0rthodontist said:
I understand almost all of it. The "line n follows from ..." type stuff is how at this time I perceive the purely abstract algebra, meaningless fiddling with symbols. My opinion may change when I take a course in abstract algebra, or it may not, but at any rate I can picture how the operations are actually performed and this leads easily to proof.
Don't let the fact that you've no experience of what "abstract algebra" is stop you from making sweeping and dismissive statements about it then.
This reminds me of something I posted a while ago,
https://www.physicsforums.com/showthread.php?t=106101. It's an example where I didn't actually manage to get the proof, but it happened to be a very simple idea that you could never get without thinking in terms of row operations.
that has an elementary proof in 'purely abstract' terms, as shmoe points out. If the columns sum to one then (1,1,1..,1) is a left eigenvector of eigenvalue 1 (ie an eigenvalue of A^t) hence the answer.
Oh, so interest in actual manipulative skill makes you somehow "not genuinely interested in math"?
sometimes it is necessary to get ones hands dirty to figure out why something is true, perhaps by verifying a proposition for a few cases to see how a proof might run in general, however an 'interest' in manipulation could be take to mean something entirely different.
And I suppose holding a driver's license disqualifies you as an automotive engineer.

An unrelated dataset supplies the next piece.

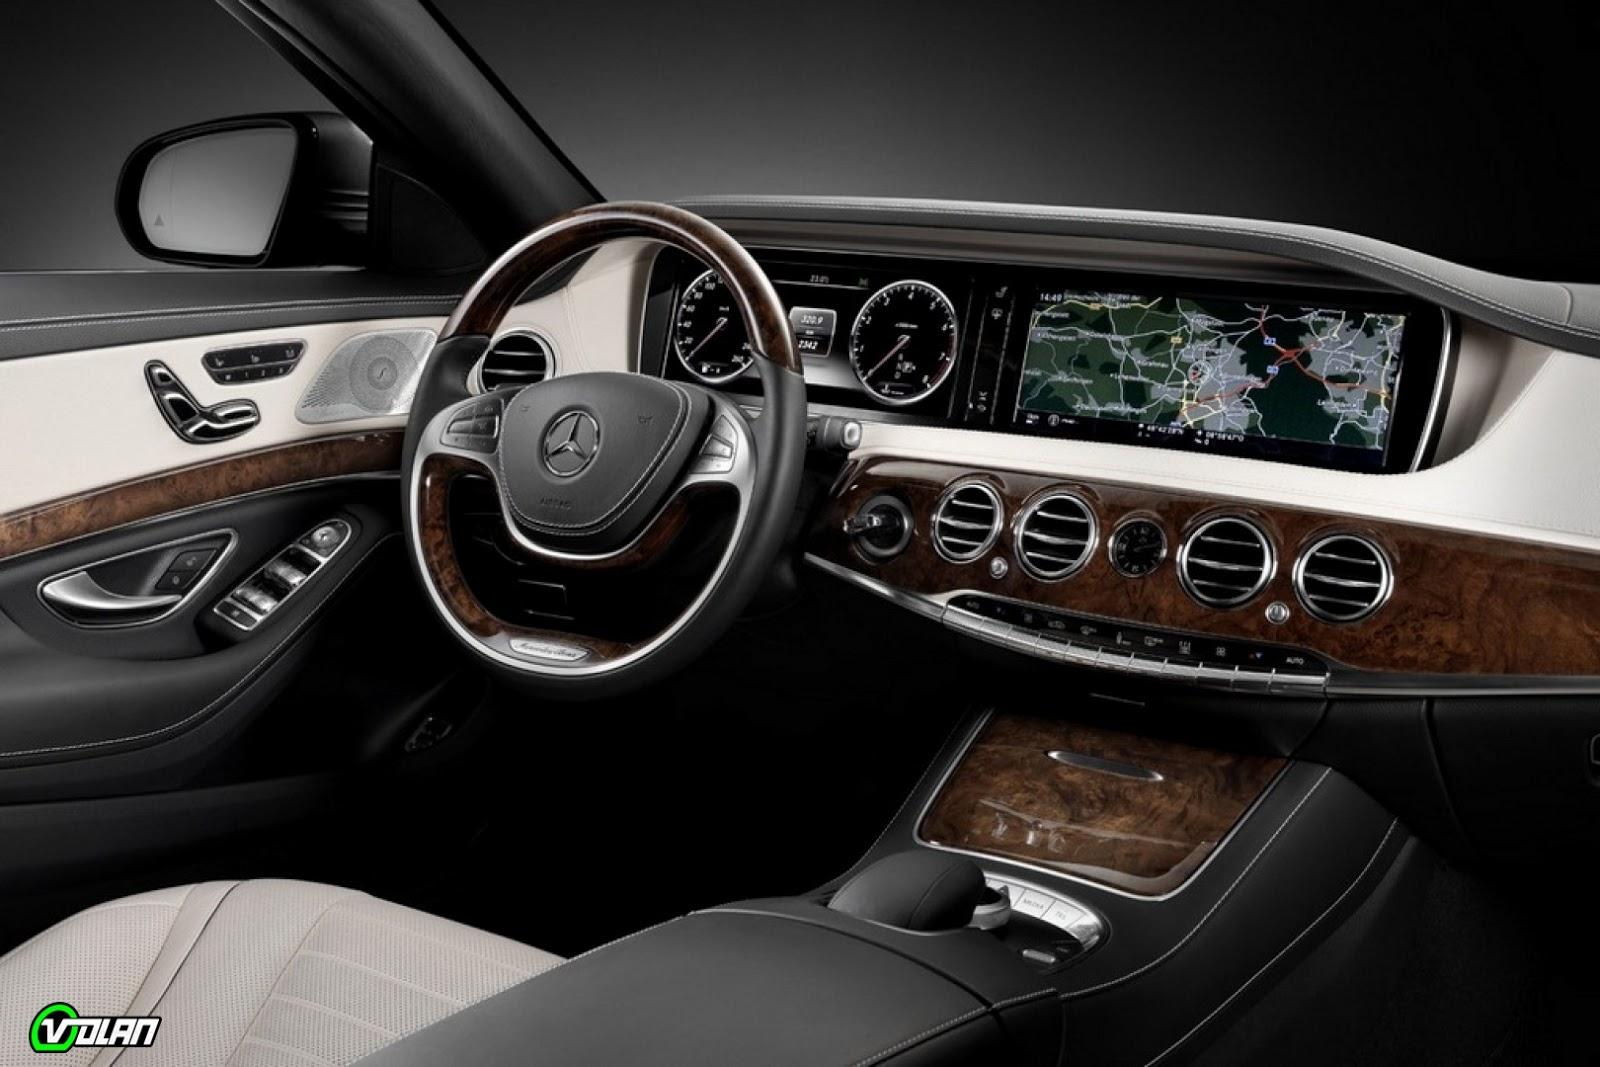 Hd Wallpapers High Definition Wallpapertopfree Mercedes S

I don't see how that is remotely justifiable as an analogy. Perhaps (and this is genuinely tongue in cheek) a better analogy would be 'the ability to change a tyre doesn't make you and automotive engineer'. In anycase, I don't think you've understood shmoe's position.
I said I loved my course on linear algebra and I do. My average in that class was above 100%,
and who says there no such thing as grade inflation these days?
and a few weeks ago I looked at a few problems in linear algebra from the graduate qualifying exam at my school and found that I could do them.
So you presumably understand what a quotient space is then?
There are exactly, what, two things (ie proofs) one needs to be taught in linear algebra:
dim(U+V)=dim(U)+dim(V)-dim(UnV)
and for a linear map f:M-->M, then
M=Im(f) +Ker(f)
where the sum is direct.
Ok, probably throw in Sylvester's Law of replacement, call it 3 results.
Finally, to give you some idea of why proper theorem/proof stuff is admirable and necessary in linear algebra, try to show that det(AB)=det(A)det(B) for an arbitray nxn matrix. This is remarkably straight forward if we use the fact that det(M) (M a linear map from V to V) is the unique number d such that the induced map
M:Lambda^n(V)--> Lambda^n(V)
is mutliplication by d on the top power of the exterior algebra.
How about this, then:
let S_n the permutation group act on some vector space V of dimension n by permuting some basis. Show that the subspace L=e_1+e_2+..+e_n is invariant (e_i the basis vectors) and hence that the quotient V/L is also S_n invariant. (these are called representations of S_n). Try to write out a basis for V/L too.